If this was a production system, you'd need to perform a backup of the managed disks, either by using Azure Backup or by creating a snapshot. You can create snapshots in the Azure portal or through the command line. In PowerShell, you use the New-AzSnapshot cmdlet. Because this is a simple exercise and you're disposing of this data when you're done, you're going to skip this step.

  1. To hold the key vault information, define a variable:

    $keyVault = Get-AzKeyVault `
    -VaultName $keyVaultName `
    -ResourceGroupName $rgName

  2. Next, to encrypt the VM disks, run the Set-AzVmDiskEncryptionExtension cmdlet"

    • The VolumeType parameter allows you to specify which disks to encrypt: [All | OS | Data]. It defaults to All.
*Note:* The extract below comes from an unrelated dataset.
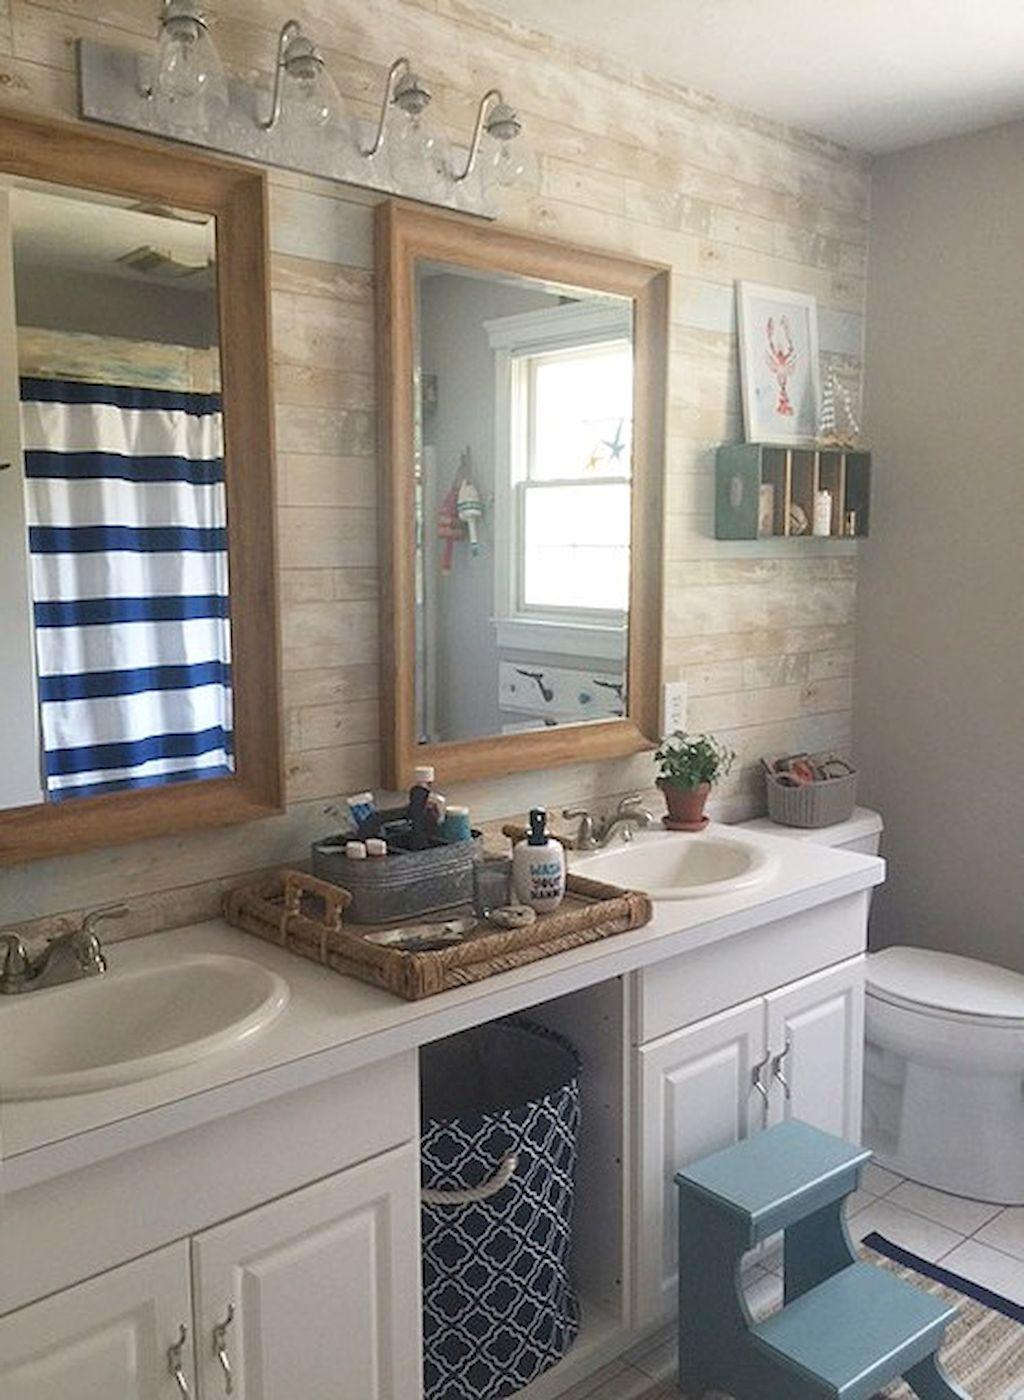 30 amazing coastal nautical bathroom remodel ideas 5 on bathroom renovation ideas modern id=19985

You can only encrypt data disks for some distributions of Linux.
    • You can supply the SkipVmBackup flag for managed disks if there's no snapshot.
    Set-AzVmDiskEncryptionExtension `
    -ResourceGroupName $rgName `
    -VMName $vmName `
    -VolumeType All `
    -DiskEncryptionKeyVaultId $keyVault.ResourceId `
    -DiskEncryptionKeyVaultUrl $keyVault.VaultUri `
    -SkipVmBackup

  3. The cmdlet warns you that the VM must be taken offline, and that the task can take several minutes to complete. Go ahead and let it continue:

    Enable AzureDiskEncryption on the VM
This cmdlet prepares the VM and enables encryption which may reboot the machine and takes 10-15 minutes to
finish. Please save your work on the VM before confirming. Do you want to continue?
[Y] Yes  [N] No  [S] Suspend  [?] Help (default is "Y"): Y

  4. Once the cmdlet finishes running, check the encryption status again:

    Get-AzVmDiskEncryptionStatus  -ResourceGroupName $rgName -VMName $vmName

    The OS disk should now be encrypted. Any attached data disks that are visible to Windows are also encrypted.
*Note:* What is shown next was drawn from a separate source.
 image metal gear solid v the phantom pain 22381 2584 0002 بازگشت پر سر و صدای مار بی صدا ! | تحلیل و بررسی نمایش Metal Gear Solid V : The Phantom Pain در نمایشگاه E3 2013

    OsVolumeEncrypted          : Encrypted
DataVolumesEncrypted       : NoDiskFound
OsVolumeEncryptionSettings : Microsoft.Azure.Management.Compute.Models.DiskEncryptionSettings
ProgressMessage            : Provisioning succeeded

Note

New disks added after encryption won't be automatically encrypted. You can rerun the Set-AzVMDiskEncryptionExtension cmdlet to encrypt new disks. If you add disks to a VM that's already had disks encrypted, make sure to provide a new number in sequence. In addition, disks that aren't visible to the operating system will not be encrypted. The disk must be properly partitioned, formatted, and mounted for the BitLocker extension to see it.